In the left part, the three highest eigenstates (shown in the form of their probabilities) at $k_{||}$ = 0 are shown for both the hydrophobic (light green solid lines) and the standard PB approach (purple dotted lines). In fact, the states at $k_{||}$ = 0 are twofold degenerate due to spin, so essentially six states are shown. In the right part, the distribution of the $Cl^-$ and the $Na^+$ ions is shown for both models. In the bulk electrolyte, both ions reach their equilibrium concentration of $50~mM$. The potential of mean force (PMF) for the $Na^+$ ions causes the local maximum in the $Na^+$ ion density profile. For the standard PB model, both the 2DHG and the $Cl^-$ ions are closer to the interface. The second and the third eigenstate have almost the same energy (also separated by $4~meV$ for both the hydrophobic and the standard PB model) and the same shape. This is however difficult to see in this figure. The 2DHG sheet charge density for the hydrophobic model is $\sigma=3.8\times{10}^{12}cm^{-2}$ and for the standard PB model $\sigma=10\times{10}^{12}cm^{-2}$.

Figure 3.4.4.8 shows the calculated electrostatic potential and valence band energy (black lines) under the same situation as in the previous figures.

../../../_images/1D_charge_accumulation_diamond_electrolyte_Fig10_13.png — Figure 3.4.4.8 Calculated electrostatic potential and valence band edge (black lines) of the hydrogen-terminated diamond-electrolyte interface under the same situation as in the previous figures. The arrow indicates the large potential drop in the electrolyte region for the hydrophobic model (red solid line). The potential drop in the electrolyte for the standard PB model (blue dotted line) is much smaller. The results of the standard Poisson-Boltzmann calculation are shown in dotted lines whereas the results obtained with the new extended Poisson-Boltzmann model are shown in solid lines.¶

The applied gate voltage $U_G$ in the electrolyte cannot be directly related to the electrostatic potential in the diamond because a part of the applied voltage drops in the electrolyte region close to the interface. The electrostatic potential distribution in Figure 3.4.4.8 reveals the potential drop across the diamond-electrolyte interface.
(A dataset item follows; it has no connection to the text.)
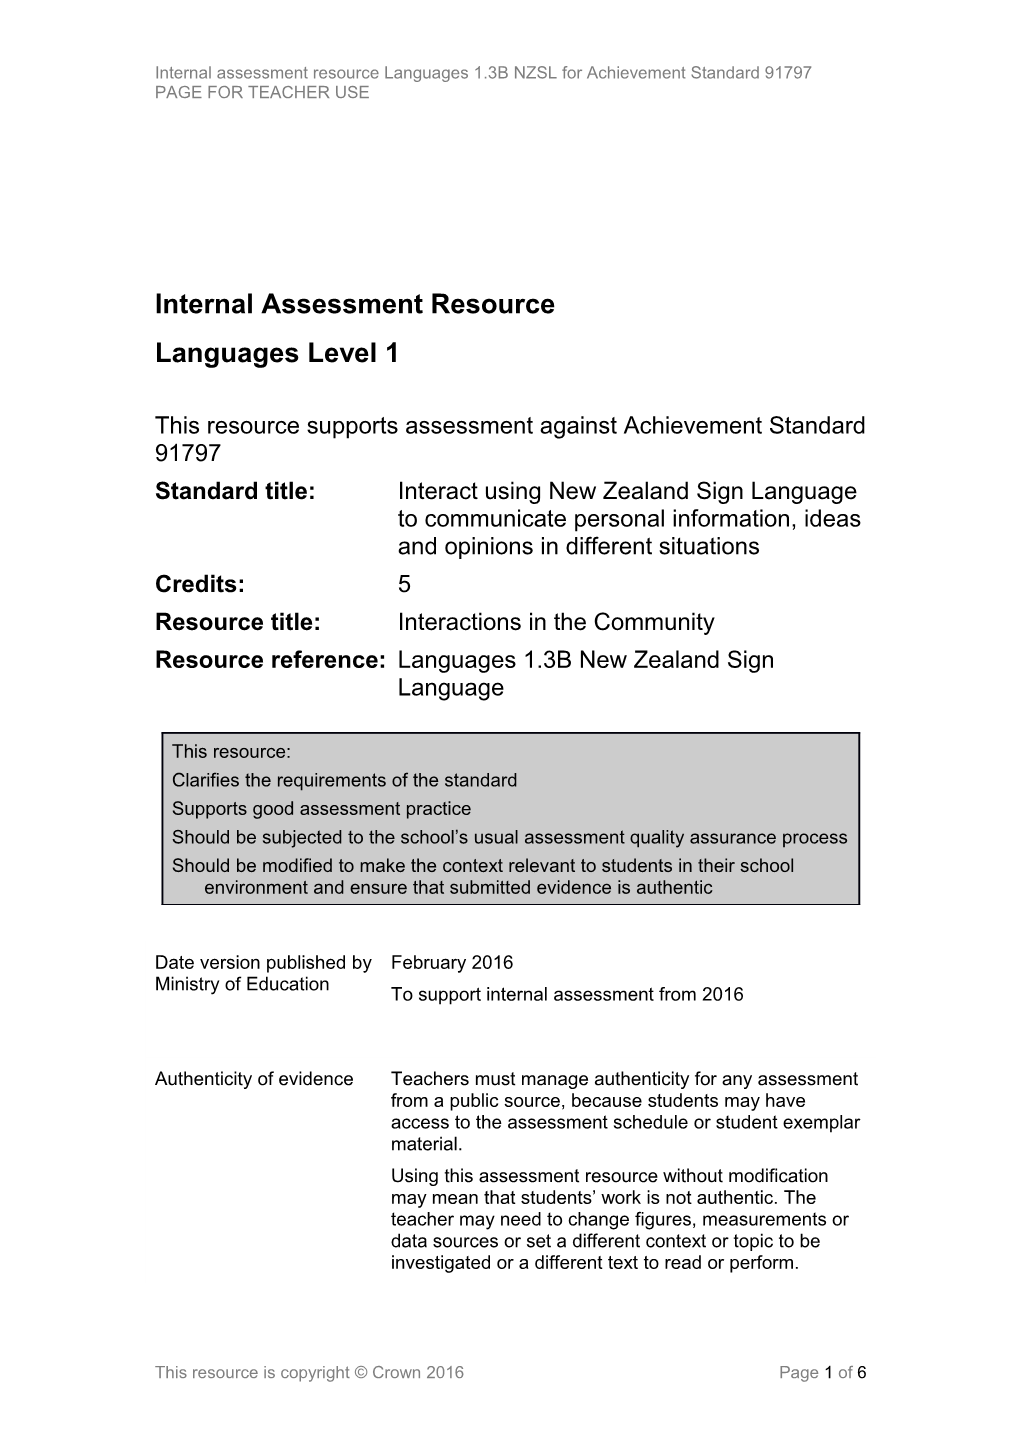 Level 1 Languages Internal Assessment Resource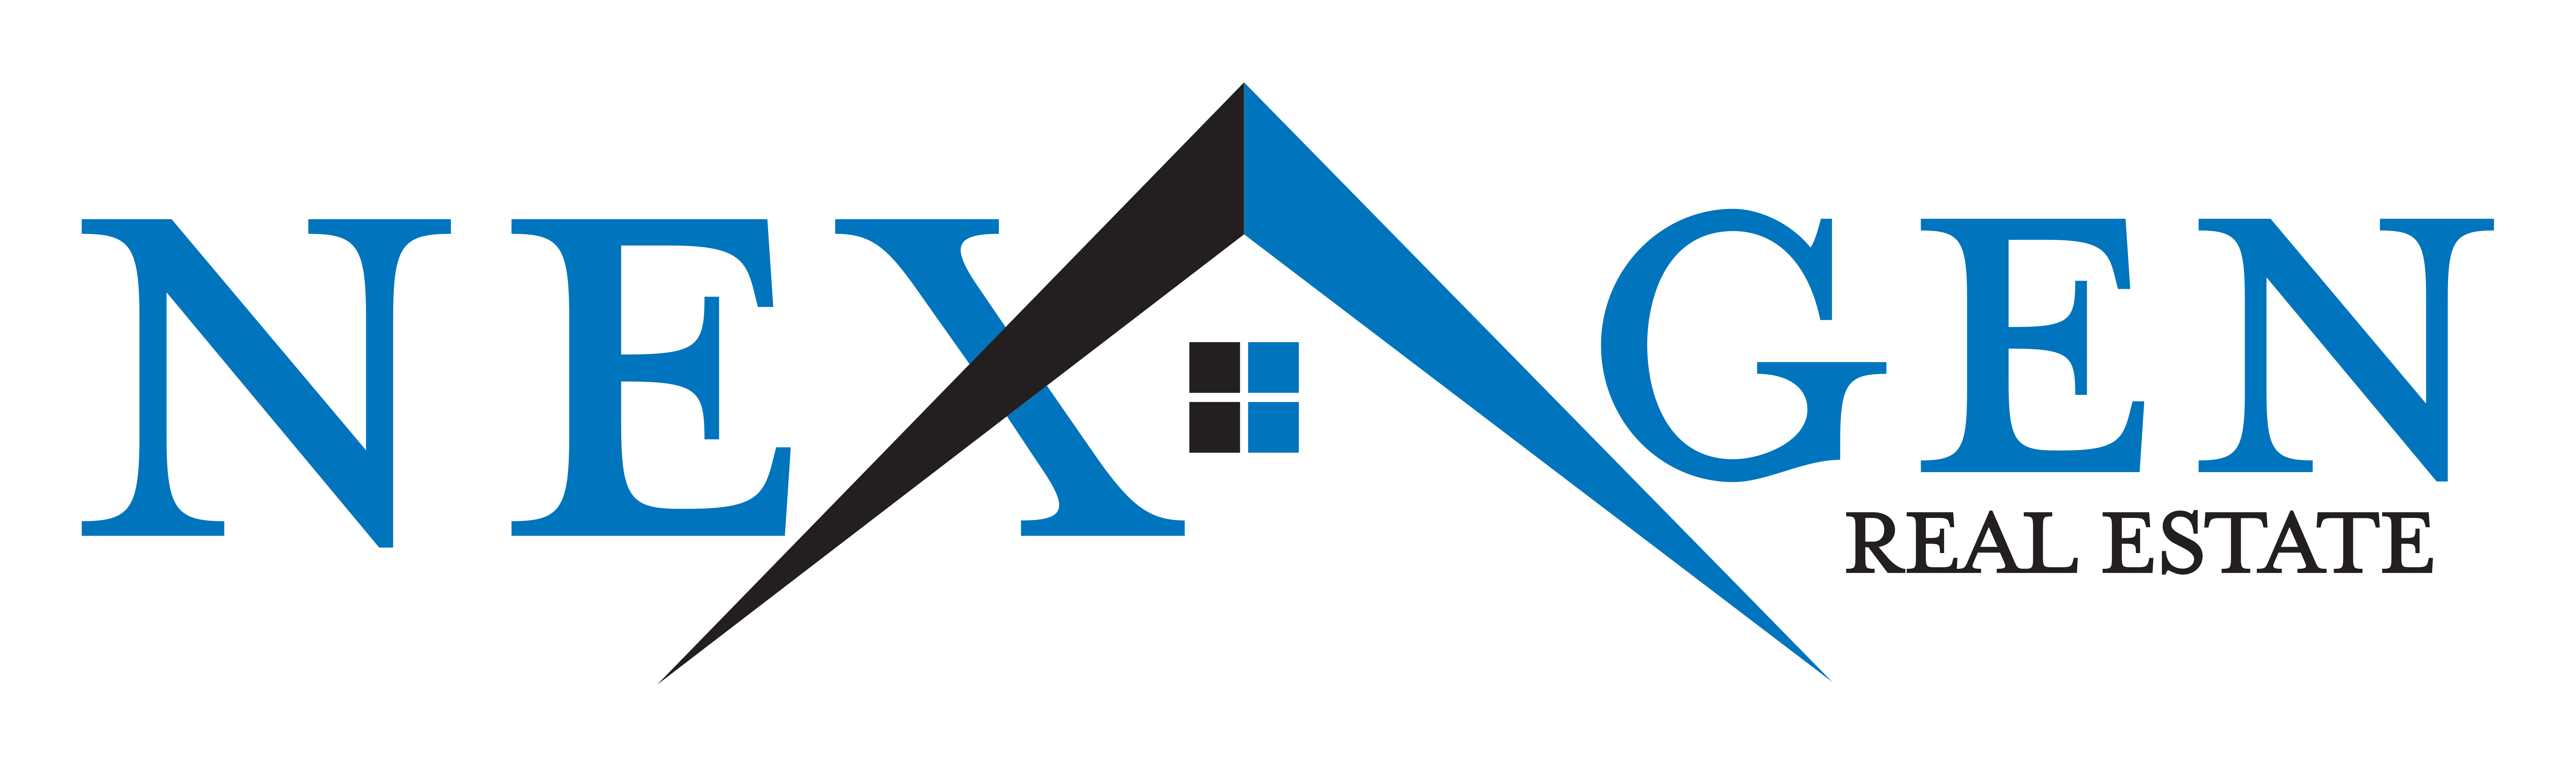 Nex-Gen Real Estate and Property Management Co.

There is a striking difference between the two models. The arrow indicates the large potential drop in the electrolyte region for the hydrophobic model (red solid line). The potential drop in the electrolyte for the standard PB model (blue dotted line) is much smaller because here the ions are allowed to approach the interface infinitely close and additionally, the dielectric constant of water is very high even close to the surface. Both effects minimize the potential drop in the electrolyte. Recall that the dielectric constant for the standard PB model has a value of $\epsilon_r = 78$ up to the interface, whereas the extended PB model assumes a dielectric constant of $\epsilon_r = 1$ in the hydrophobic ‘gap’ where no ions are present. As a result, the valence band edge for the hydrophobic model is closer to the Fermi level resulting in a lower 2DHG density.

The above results show that the hydrophobicity (or hydrophilicity) of the surface of most biosensor devices has a significant impact on the behavior of the devices, since the sensing signals are generated by the potential change across the interface.

\(\varepsilon_{r}\)	The dielectric constant
\(\varphi\left(x\right)\)	The electrostatic potential at a point \(x\)
\(\rho\left(x\right)\)	The carrier density at a point \(x\)
\(z_i\)	The valency of an ion \(i\)
\(e\)	The elementary electric charge
\(C_{0,i}\)	The bulk concentration of an ion \(i\) at a point \(x\)
\(U_G\)	The potential of the reference gate electrode.
\(k_B\)	Boltzmann constant
\(T\)	The temperature